Over the next few weeks I want to share
some awesome people with you. The people you will read about are
amazing and normal at the same time. They are people in
different life circumstances and of different ages that have made the
decision to foster and/or adopt.
Meet Patrick and Shelby Ray.
The Rays are a young couple living in North Minneapolis. They
adopted through the foster care system a sweet young girl named Adelyn who just so happens to be my
perky niece.
If their story gets you interested in
fostering and/or adopting here is a good link to check out:
https://iowafosterandadoption.org
Tell me about your journey into adoption.
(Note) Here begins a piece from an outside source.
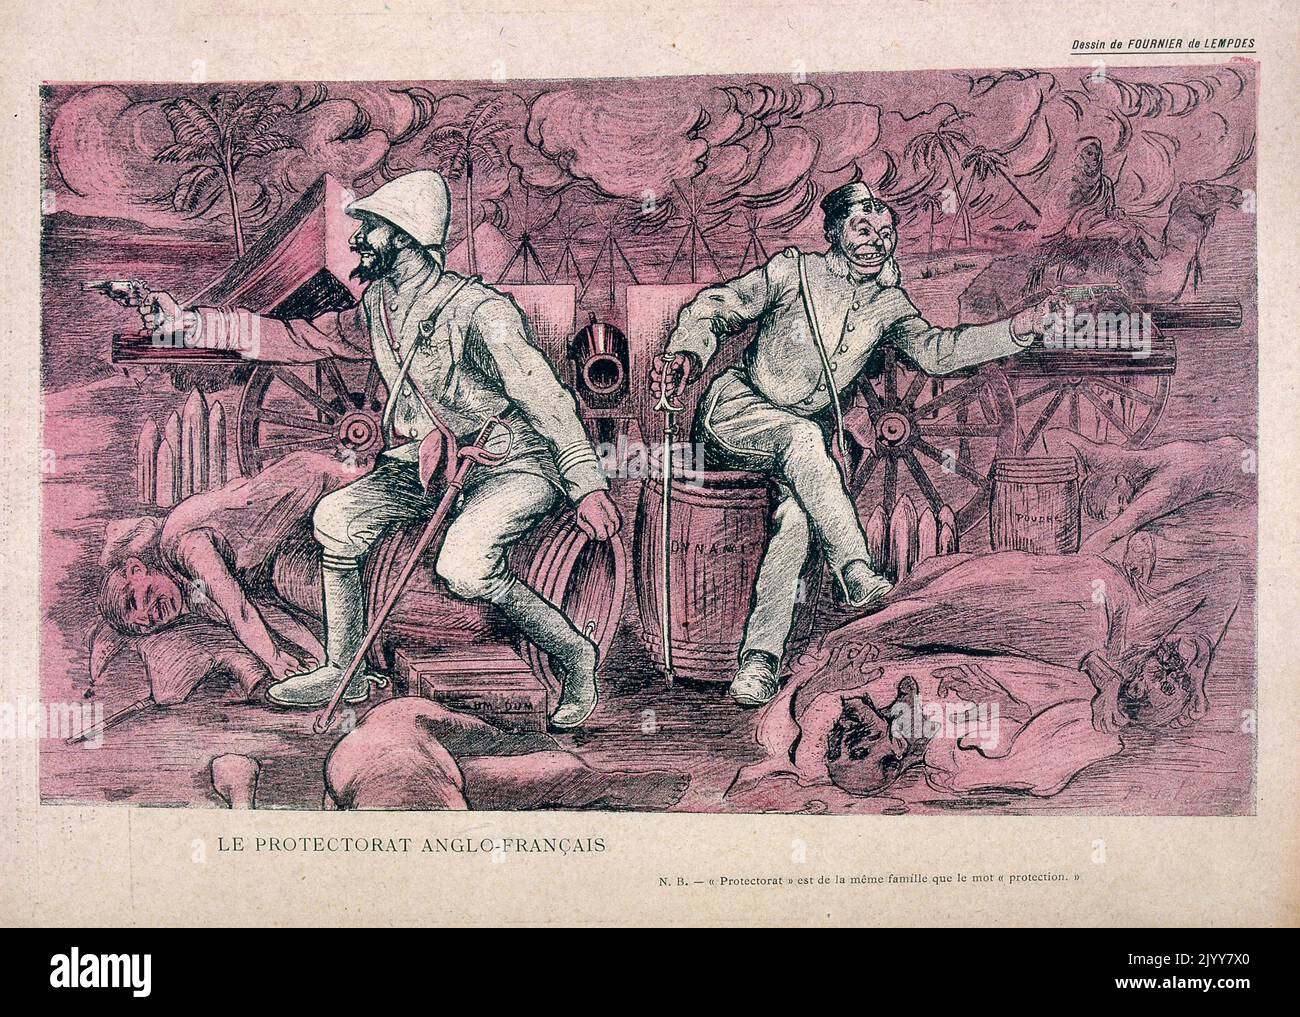 In L'Assiette au Beurre satirical magazine; Edition: Black Masses. Coloured Illustration: Dead bodies surround the English and French officers. Caption: The Anglo-French Protectorate- subtitle the word comes from the root 'protection'. Stock Photo

I was in 11th grade sitting in an
environmental science class where the teacher was talking about the
issue of overpopulation. At that point I decided if I got married I'd
want to adopt. The math was simple: Too many humans+kids already born
and in need of help=I should adopt.
I now reject the formula as worldly. I
no longer fear overpopulation. With that said, my adoption mindset is
still kind of cold when it comes to kids I haven't met yet. I'm not
sure I have ever cried over the problem of orphans, but I am
passionate about adoption.
What moment took this from a "good thing you should do sometime" to something you were actually going to do?
We talked about having kids after 2-3
years of marriage. We knew we wanted to adopt and hadn't had any
biological children yet so shortly after the 2 year mark we got
started with the foster care licensing process. We didn't have any feeling
that we were ready to have kids. We believed it was time to have kids
because we believed that as a married couple we were called to raise
children.
What have you learned about yourself through this so far?
God loves me a lot more than I
realized. (Ephesians 1:3-10)
What have you learned about God in this?
The Lord's discipline is not removed
from His love. He trains up those He loves.
How has this impacted your family?
Without adoption, we wouldn't be
Adelyn's parents. I can't imagine my life without my daughter (at
this point I am getting emotional).
What has been the most rewarding
part of adopting?
Becoming Adelyn's father has been the
most rewarding part of adoption. Being her parents is the best thing
Shelby and I have ever been.
What has been the hardest part?
The uncertainty of the foster care
process. Since we adopted out of foster care our primary goal was to
see reunification but it still made us very nervous.
The pull between "she feels like
my child" and "reunification is a wonderful thing" was
extremely difficult emotionally.
Was there a moment you wanted to
quit?
I never ever ever wanted to quit on
Adelyn. But after we adopted her, I got very comfortable with our
life. I never understood the pull to have an only child until we
adopted her. I feel like I cannot love another child as much as I
love her. I've heard from all parents of 2+ that this is a myth so
I'm going to take their word for it.
Would you
recommend others do foster care and adoption? Why?
I'm sure there are reasons to not
adopt. I couldn't think of any for us though. When I look out and see
children in need of a family, it just makes sense to open my home and
heart to them.
I really hesitate to say anyone
"should" adopt. I also hate the idea that there needs to be
a special call to adopt. Rather than waiting for a special feeling to
adopt, consider praying and asking the Lord to give you wisdom and
make it clear if you should not adopt.